Computational biologist

Lior Samuel Pachter (ליאור שמואל פאכטר) is a computational biologist. He works at the California Institute of Technology, where he is the Bren Professor of Computational Biology. He has widely varied research interests including genomics, combinatorics, computational geometry, machine learning, scientific computing, and statistics.

==Early life and education==
Pachter was born in Israel and grew up in South Africa.
He earned a bachelor's degree in mathematics from the California Institute of Technology in 1994. He completed his doctorate in mathematics from the Massachusetts Institute of Technology in 1999, supervised by Bonnie Berger, with Eric Lander and Daniel Kleitman as co-advisors.

==Career and research==
Pachter was with the University of California, Berkeley faculty from 1999 to 2018 and was awarded the Raymond and Beverly Sackler Chair in Computational Biology in 2012.

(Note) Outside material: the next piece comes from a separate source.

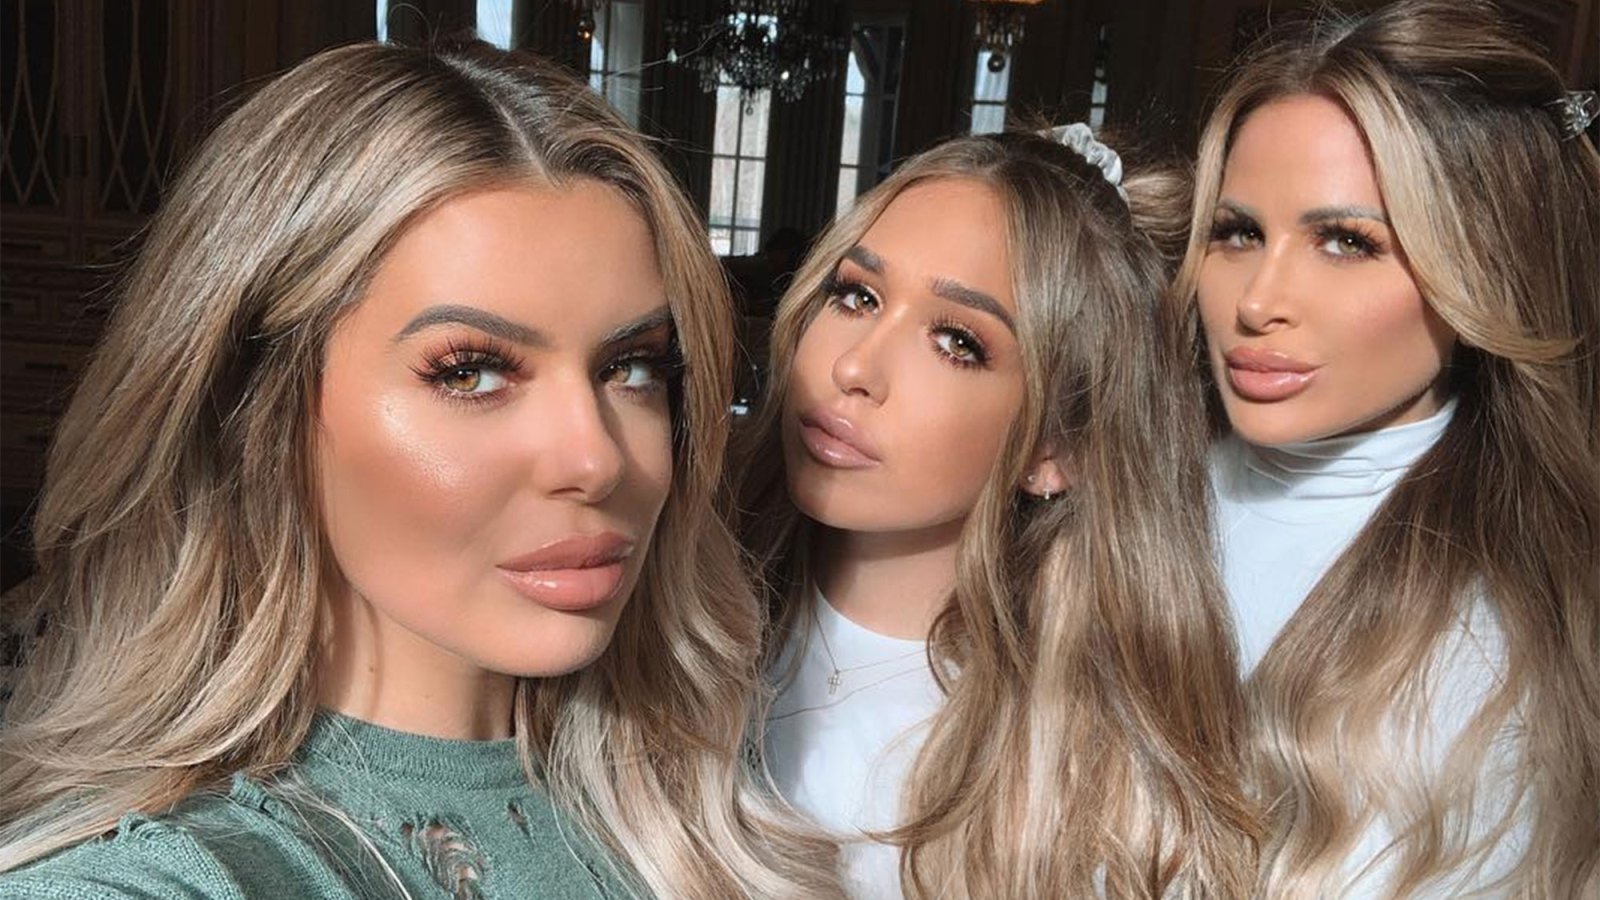 Brielle Biermann Jokes About ‘3 for 1 Special’ at Plastic Surgeon With Mom Kim Zolciak and Sister Ariana

As well as for his technical contributions, Pachter is known for using new media to promote open science and for a thought experiment he posted on his blog according to which 'the nearest neighbor to the "perfect human"' is from Puerto Rico. This received considerable media attention, and a response was published in Scientific American. He is also known for criticisms of the All-of-us project's use of UMAP to visualize and interpret population genetics data.

===Awards and honors===
In 2017, Pachter was elected a Fellow of the International Society for Computational Biology (ISCB).